This repository hosts the source code and documents for the CS 403 course project. In this project, different SVM variants are trained and tested on five Keel datasets - binary class imbalanced datasets. Support Vector Machine (SVM), Least Squares Support Vector Machine (LSSVM), and Improved Density-based Least Squares Support Vector Machine with Class-Imbalanced Learning (IDLSSVM-CIL) are compared with and without the utilization of oversampling & undersampling techniques. Additionally, we will evaluate the effectiveness of the different sampling methods discussed.

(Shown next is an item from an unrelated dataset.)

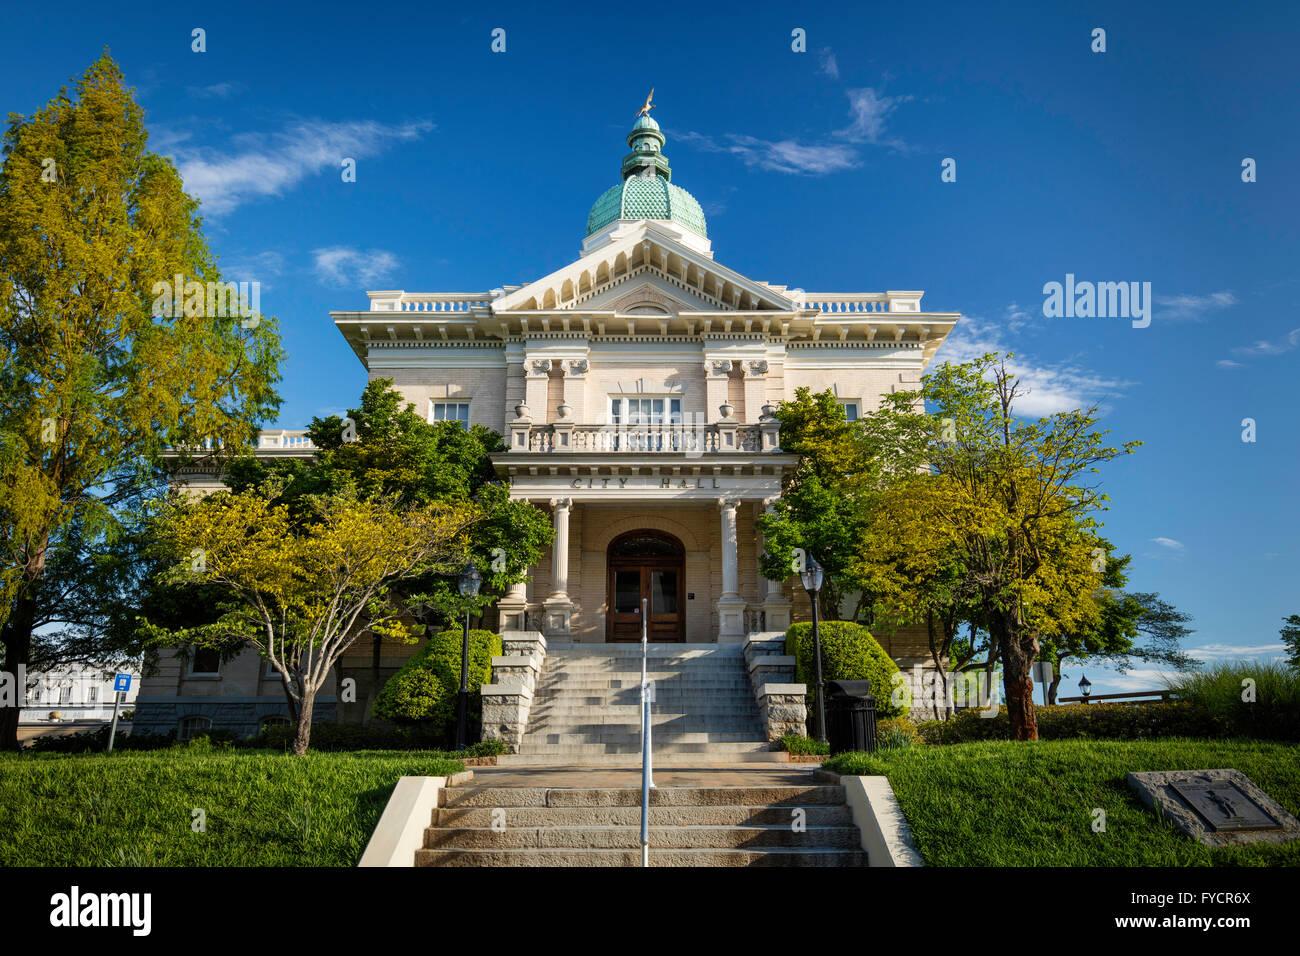 City Hall, Athens, Georgia, USA - Stock Image

Hence this github repo is the code implementation of the IDLSSVM-CIL algorithm proposed by Hazarika et al
- CS_403_inference_script.ipynb: This notebook contains Python code to obtain test result parameters using different KEEL datasets, sampling methods, SVM variants, and the corresponding hyperparameters.
- CS_403_generate_results.ipynb: This notebook contains Python code to generate a CSV result file for all the five KEEL datasets, under and over-sampling methods, SVM variants, and their respective parameters.
- IDLSSVM-CIL_Calculation.pdf: This document elucidates the calculations for IDLSSVM-CIL's fit and predict functions.
- project_proposal.pdf: The project proposal as submitted on 26th March 2024.
- project_report.pdf: The project report as submitted on 2nd May 2024.
- project_results.csv: This CSV file serves as a template to generate results and is used in CS_403_generate_results.ipynb.
- results_table_and_plots.xlsx: An Excel sheet containing all the analysis, including tables and plots of the results obtained.
- keel_datasets: This folder contains the .dat files of the five imbalanced KEEL datasets as used in the Density-weighted SVM for binary class imbalance learning (DSVM-CIL) paper (link).
All code notebooks include instructions on how to run them properly. The above resources are also uploaded here.